• _Problem details_
Reproduce the following data exactly, minus any images.

Segment Start: Data shown

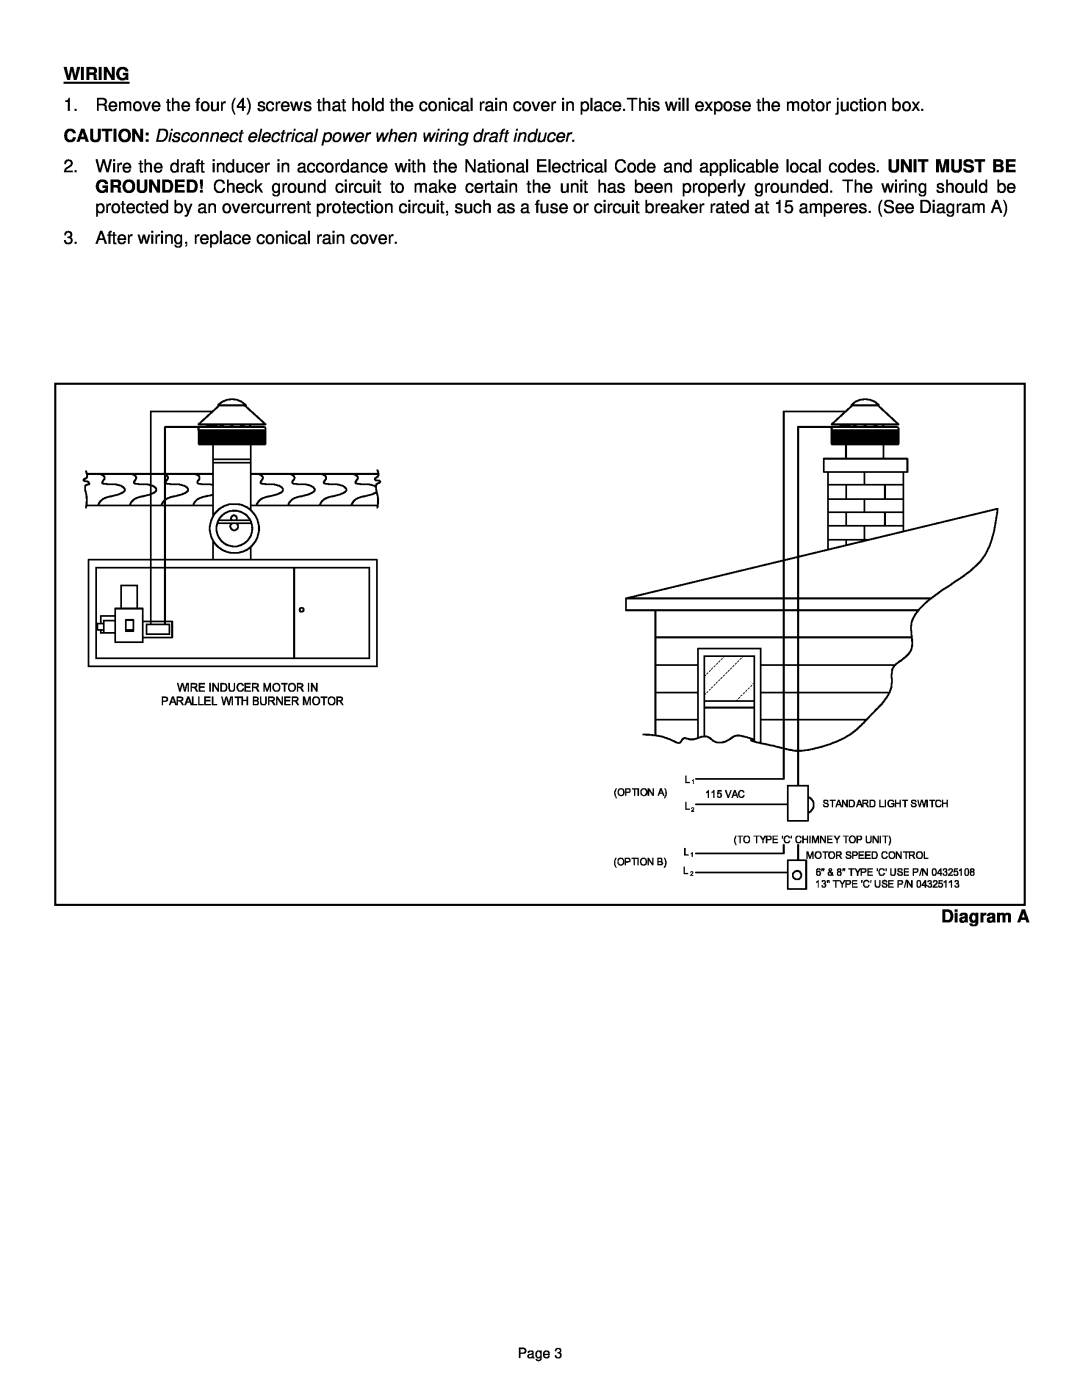 Field Controls TYPE "C manual Wiring, Diagram A 
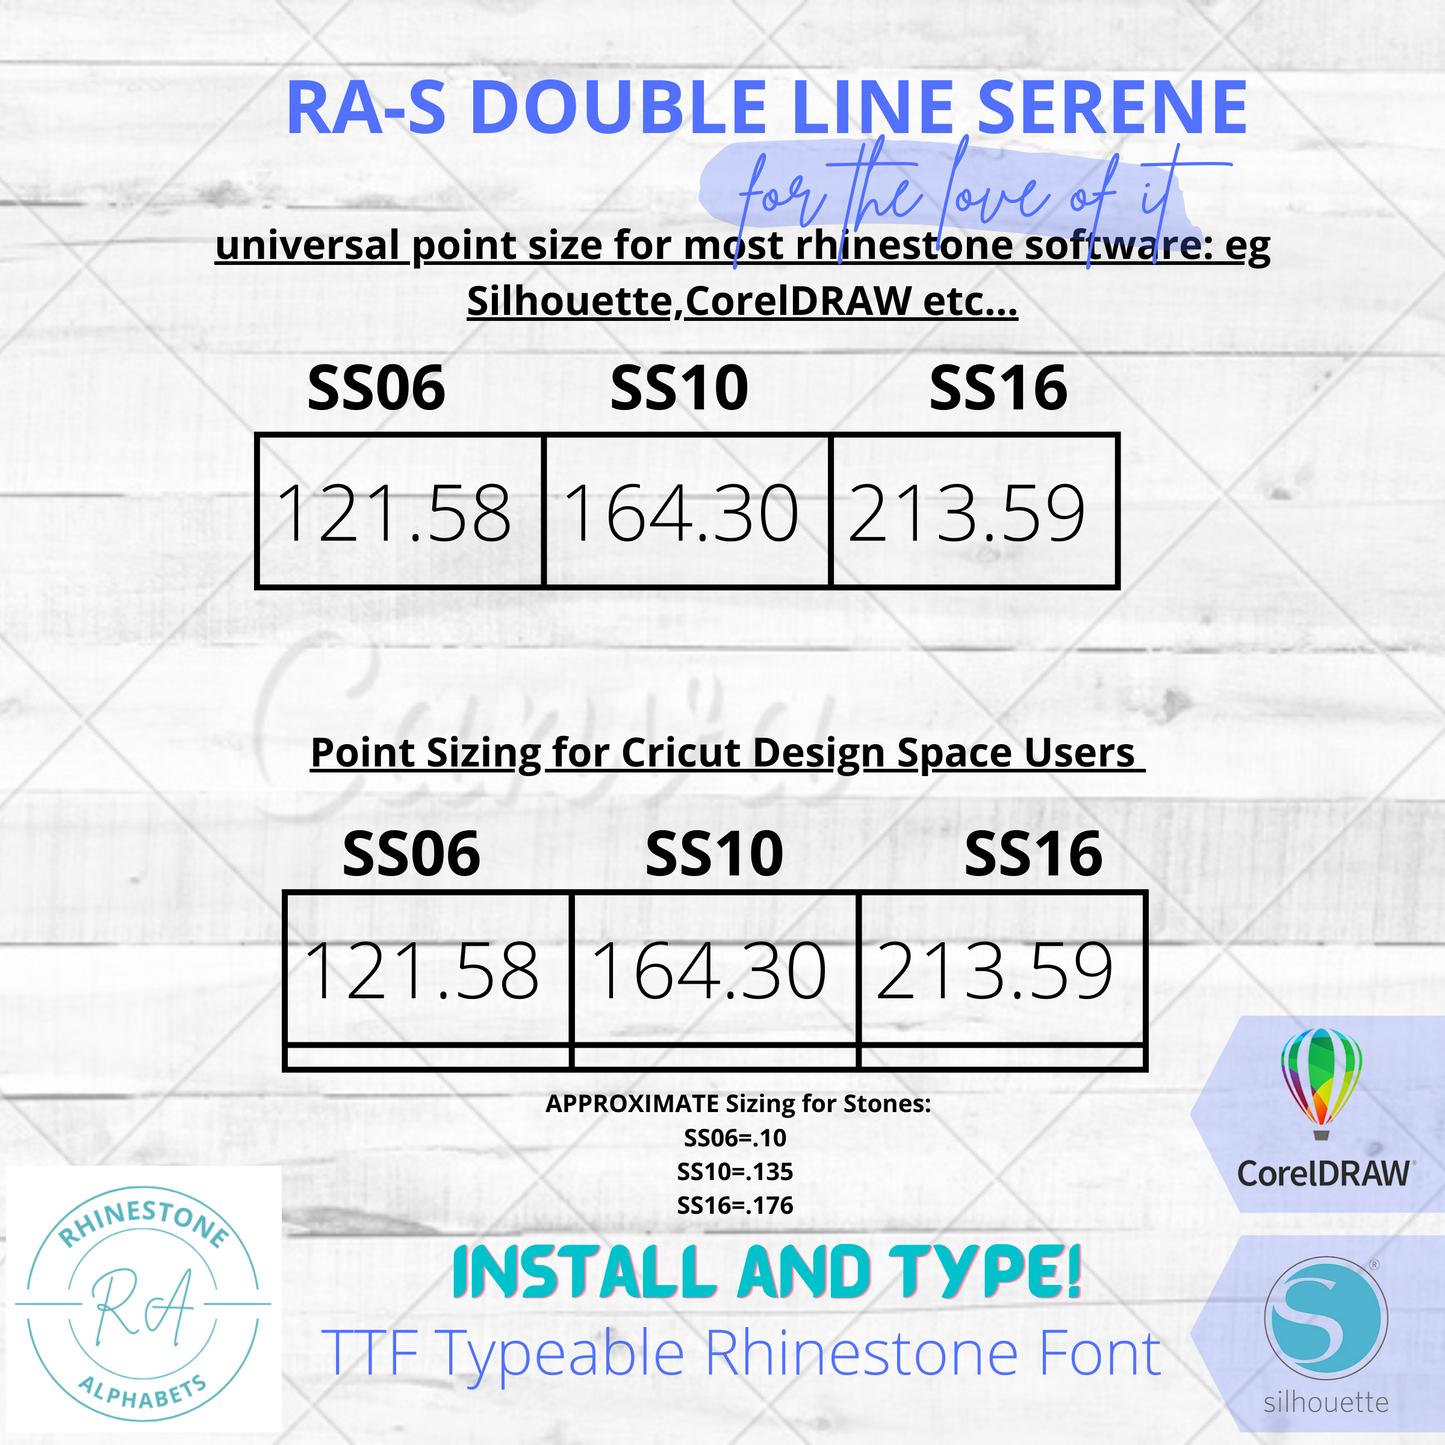 RA-S Doubleline Serene
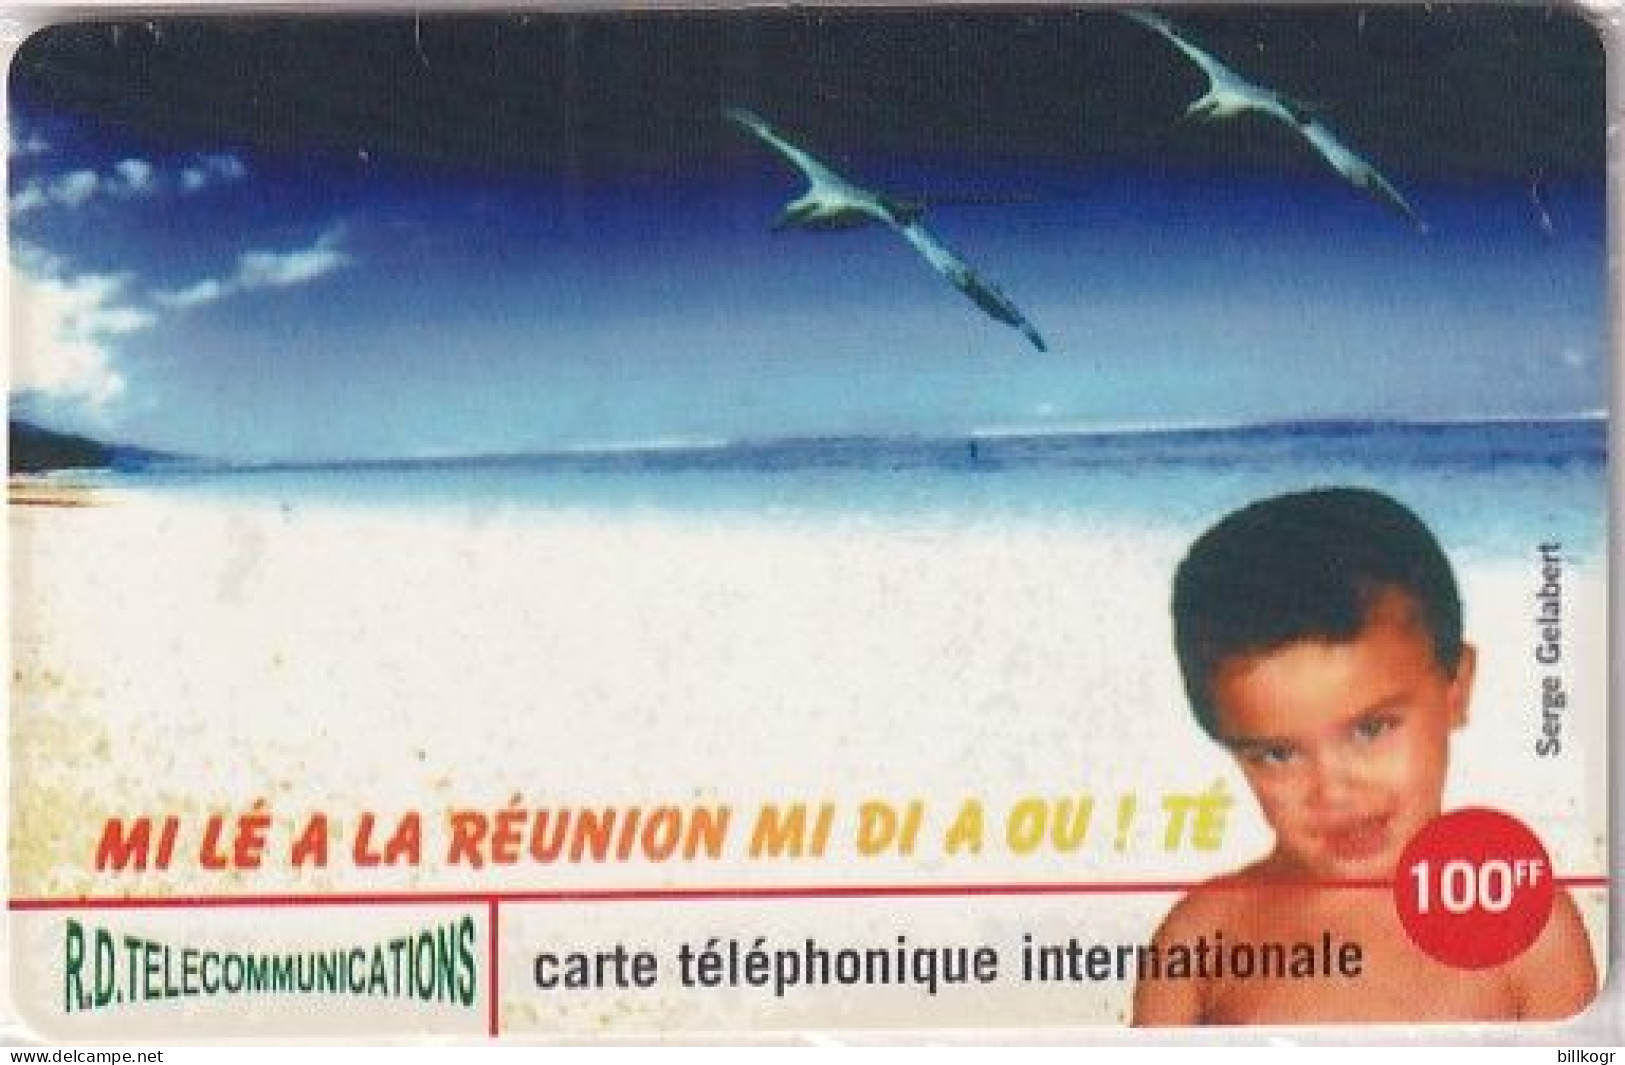 REUNION - Child Of Reunion, R.D. Prepaid Card 100 FF, Tirage 1000, Mint - Reunion

Segment End: Data shown

• _Final answer_
 Field Controls TYPE "C manual Wiring, Diagram A 
 RA-S Doubleline Serene
 REUNION - Child Of Reunion, R.D. Prepaid Card 100 FF, Tirage 1000, Mint - Reunion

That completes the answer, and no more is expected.